_EXERCISE REQUIREMENTS:_
Copy down every line of the data that follows exactly. Omit the pictures.

§

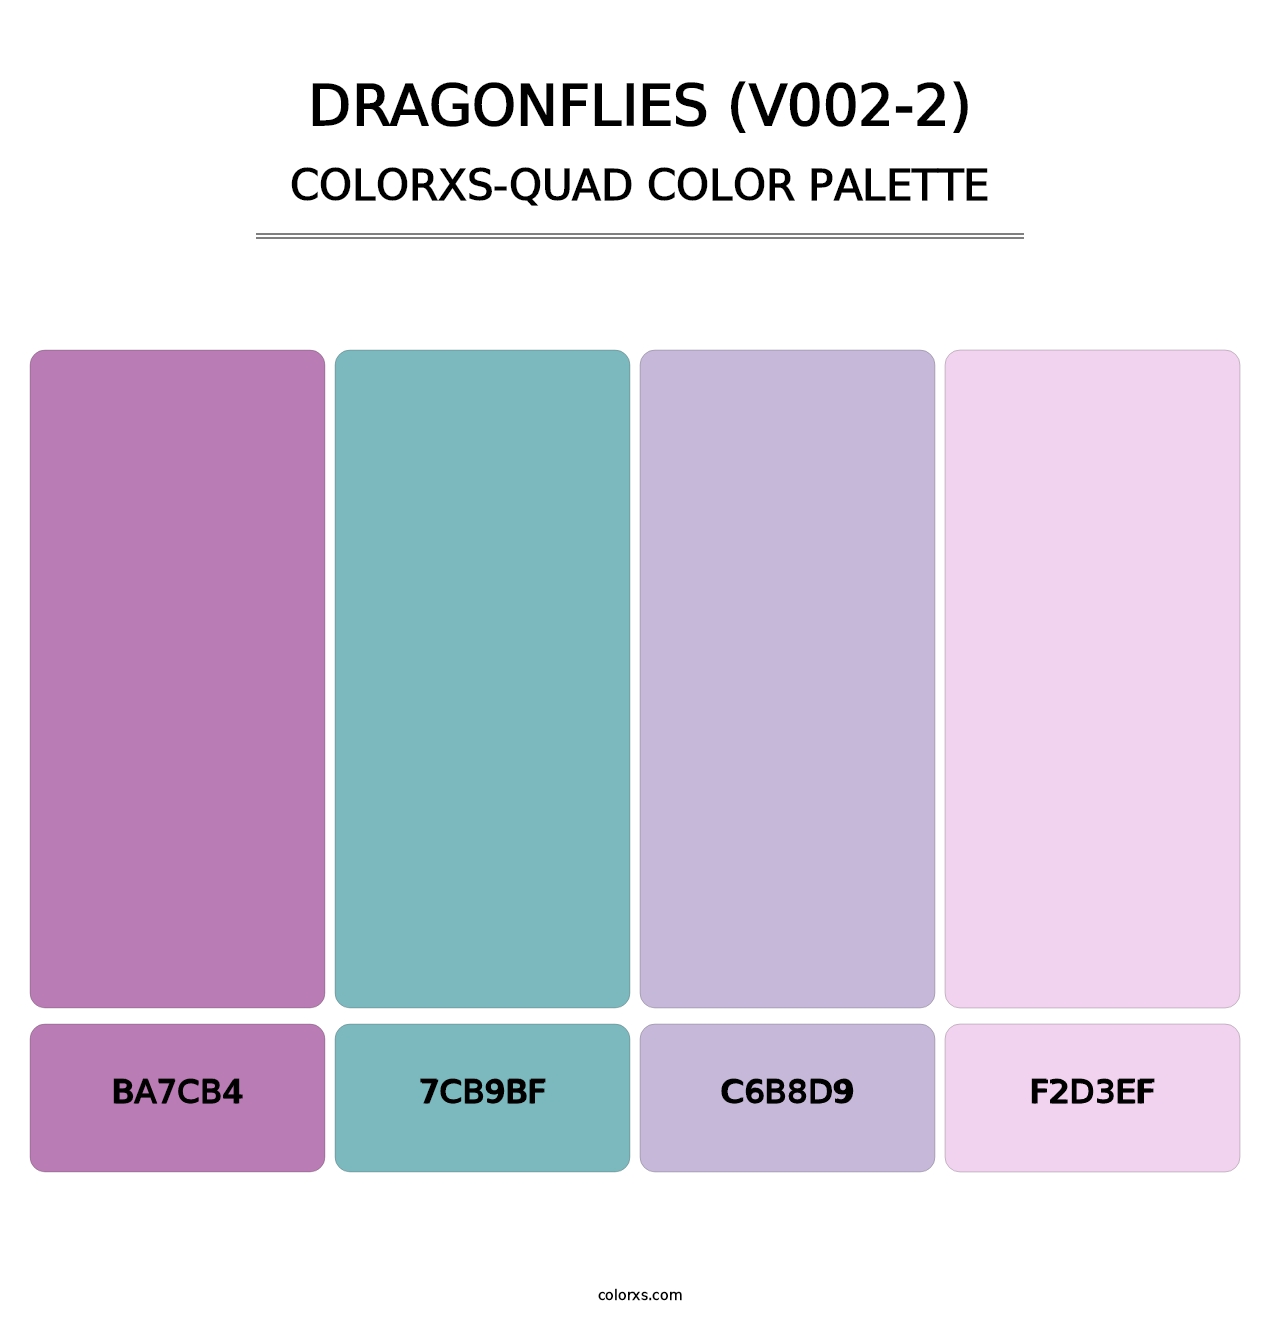 Dragonflies (V002-2) - Colorxs Quad Palette
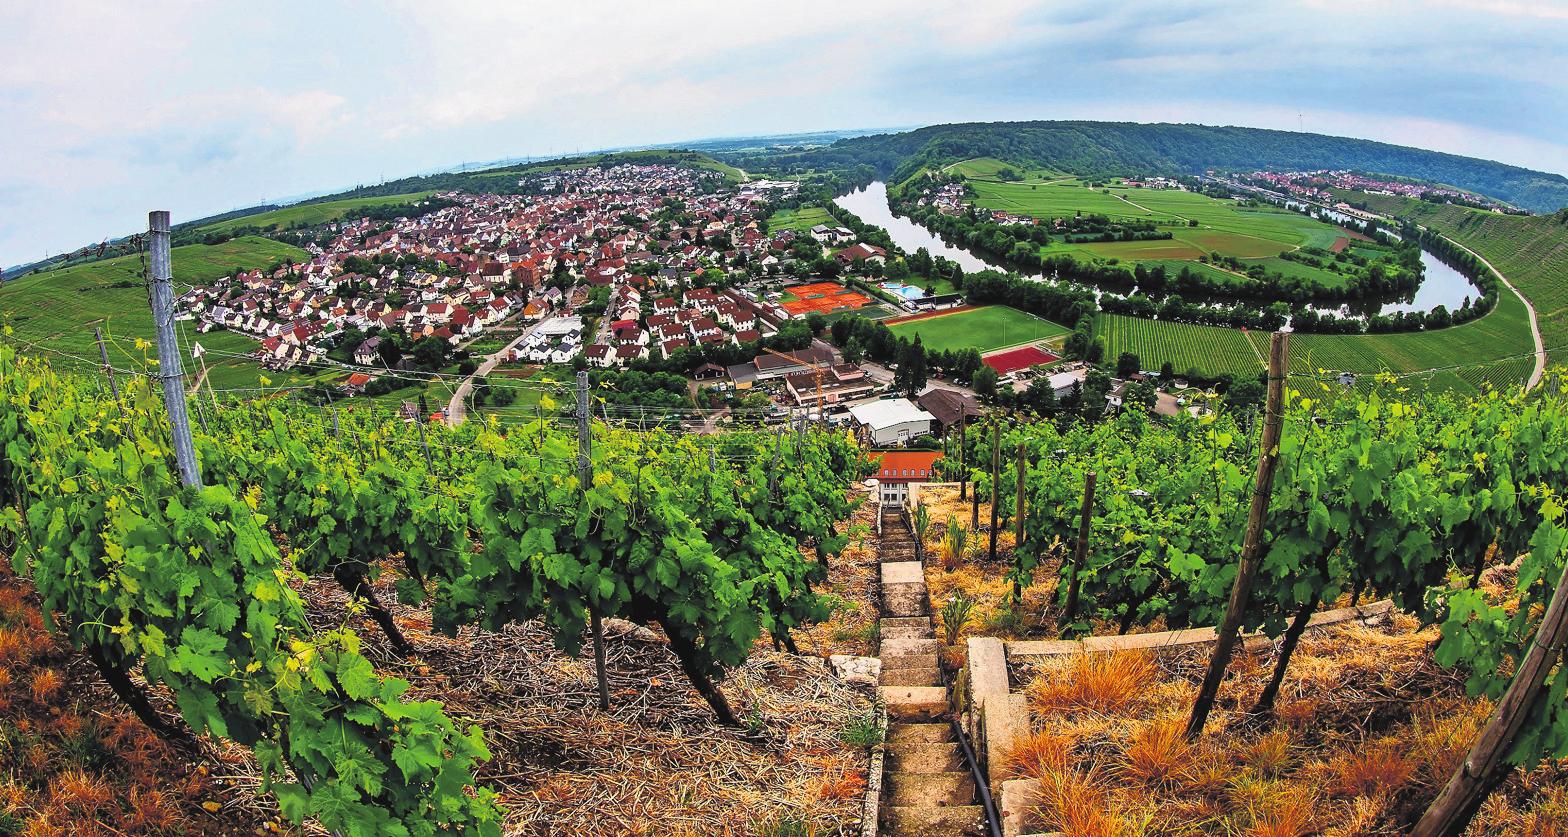 Beim Mundelsheimer Weindorf gibt es Weine aus den schönsten Lagen der Region. Foto: Karsten Schmalz
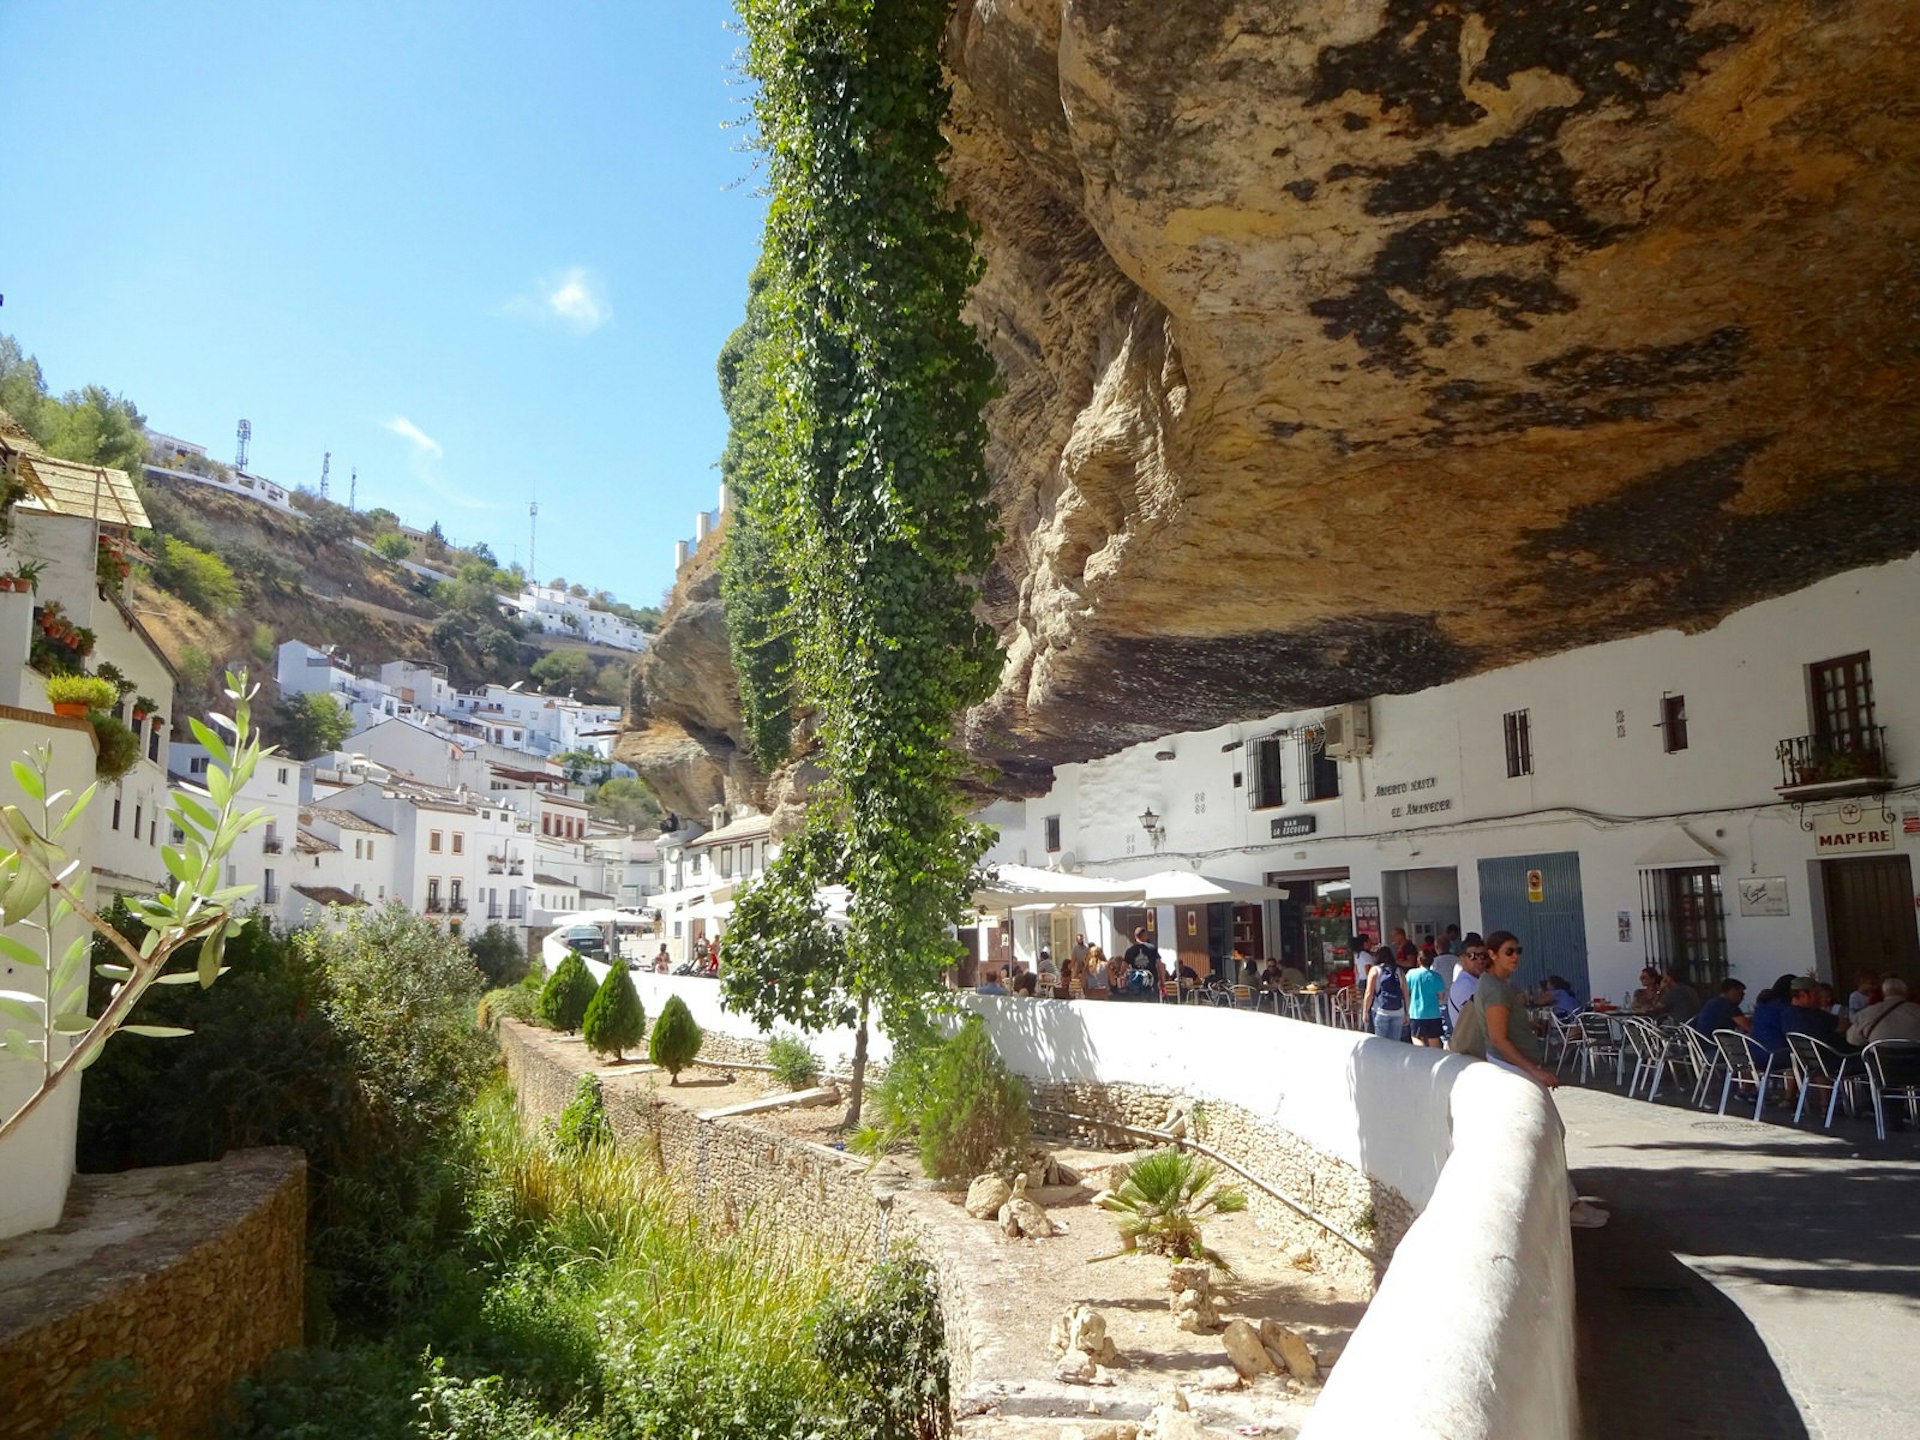 Cave bars and restaurants along Calle Cuevas del Sol in Setenil de las Bodegas
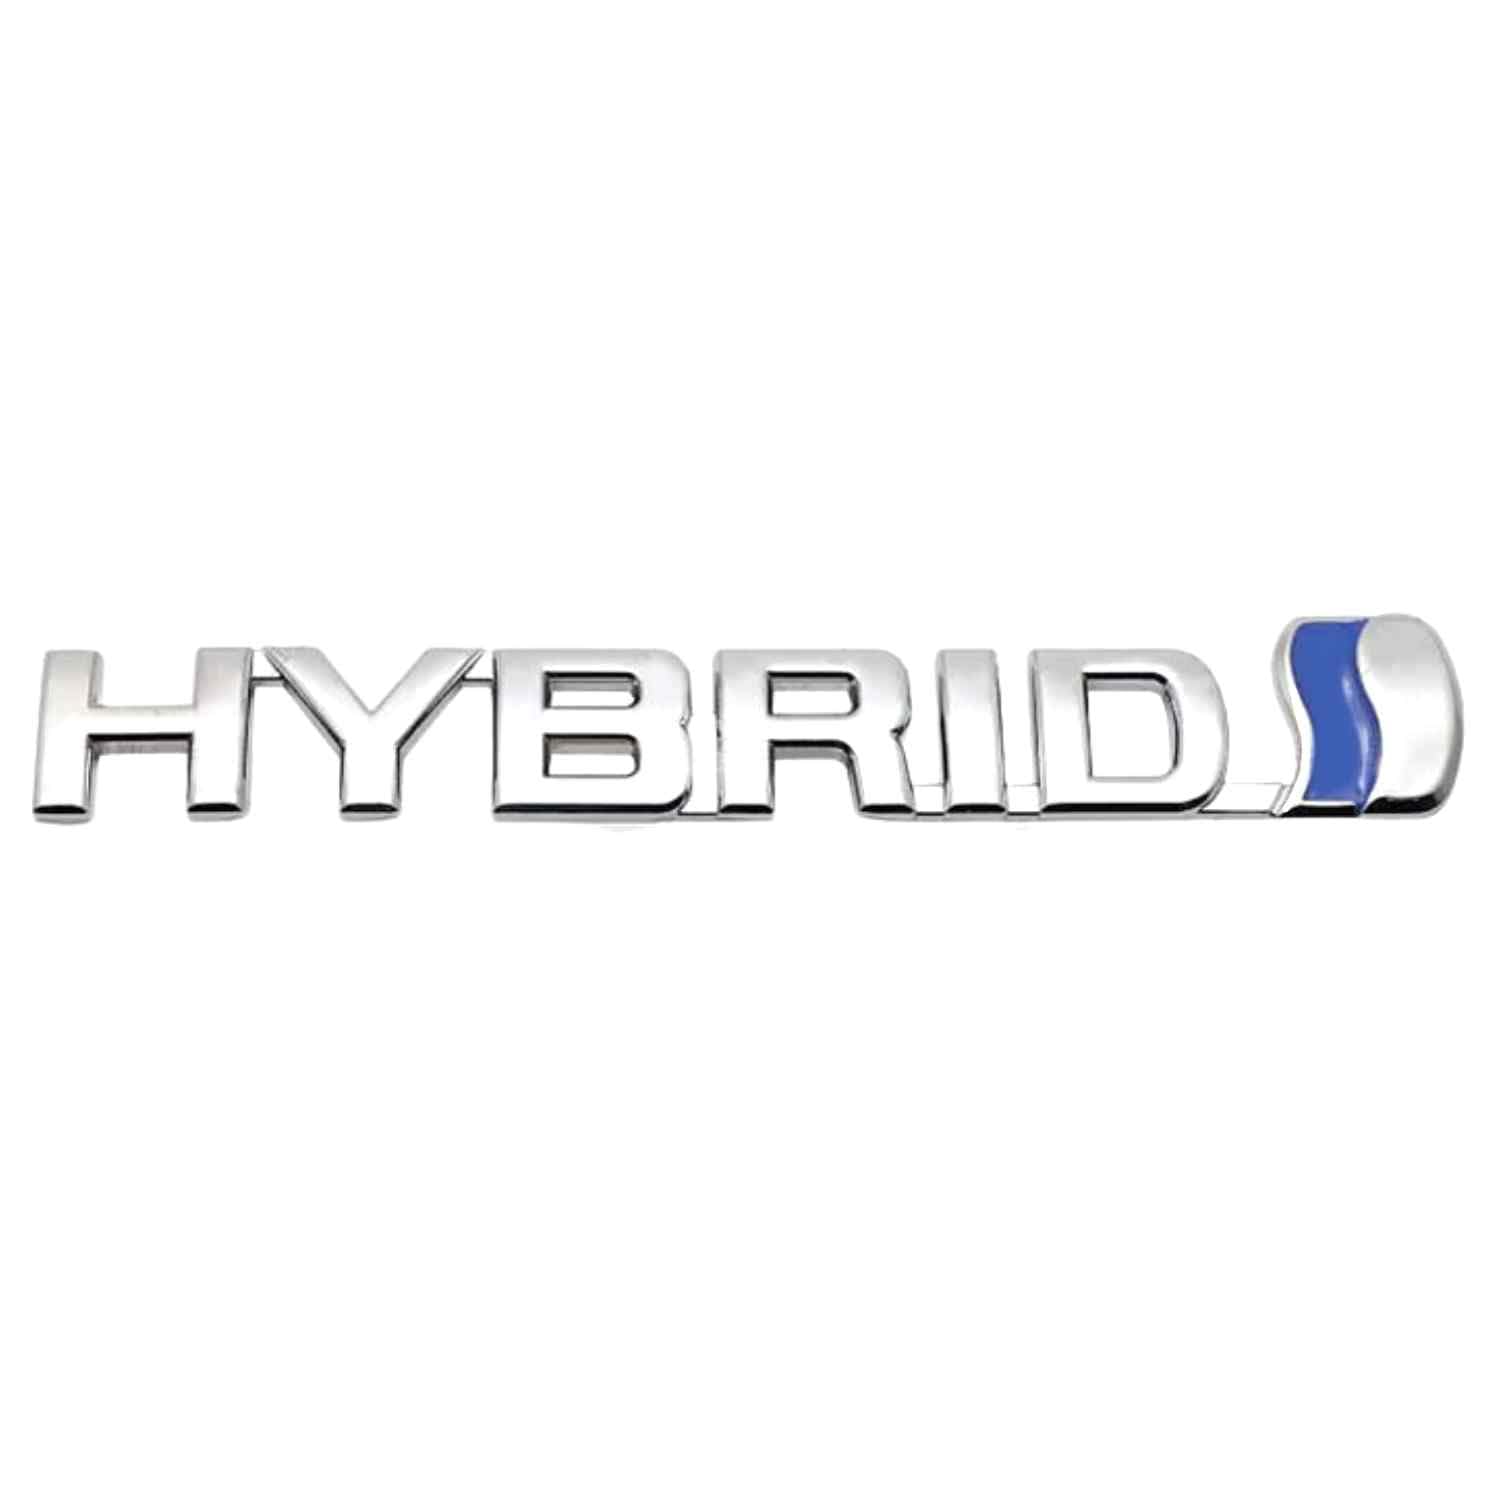 AUTOZOCO Hybrid-Emblem, Hybrid-Emblem, Hybrid-Aufkleber, Kofferraum-Aufkleber, Auto-Seiten-Emblem, kompatibel mit Toyota, Metallic, 13 x 2 cm, Silber von AUTOZOCO
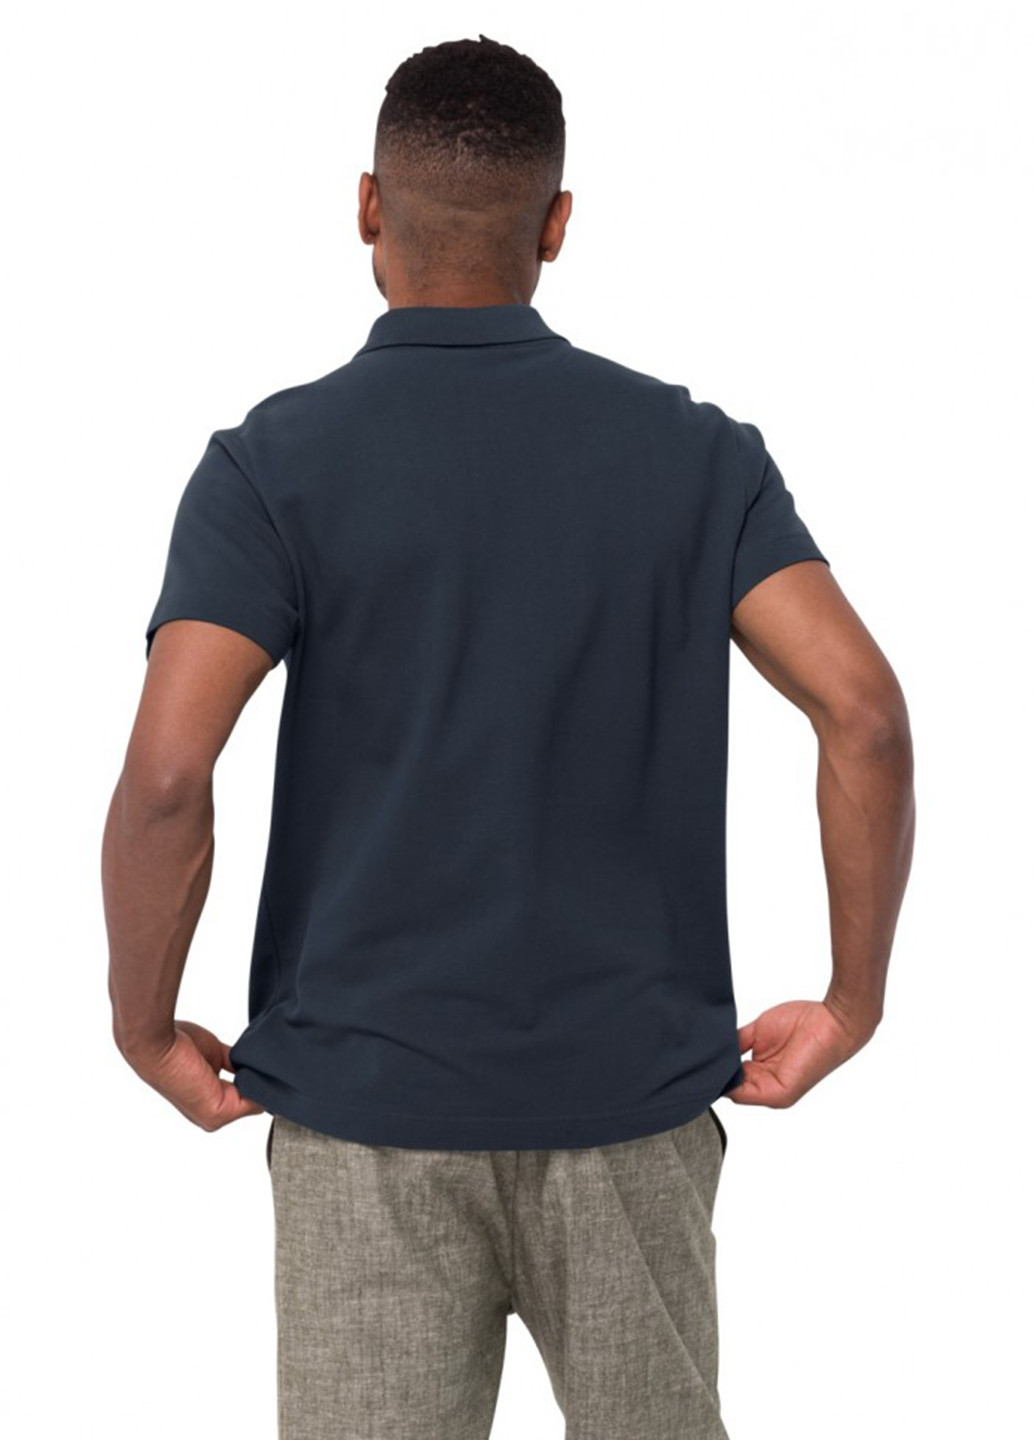 Темно-синяя футболка-поло для мужчин Jack Wolfskin с логотипом

§

_RESPONSE FOR THIS EXERCISE:_
 Dragonflies (V002-2) - Colorxs Quad Palette
 Beim Mundelsheimer Weindorf gibt es Weine aus den schönsten Lagen der Region. Foto: Karsten Schmalz
 Cave bars and restaurants along Calle Cuevas del Sol in Setenil de las Bodegas
 AUTOZOCO Hybrid-Emblem, Hybrid-Emblem, Hybrid-Aufkleber, Kofferraum-Aufkleber, Auto-Seiten-Emblem, kompatibel mit Toyota, Metallic, 13 x 2 cm, Silber von AUTOZOCO
 Темно-синяя футболка-поло для мужчин Jack Wolfskin с логотипом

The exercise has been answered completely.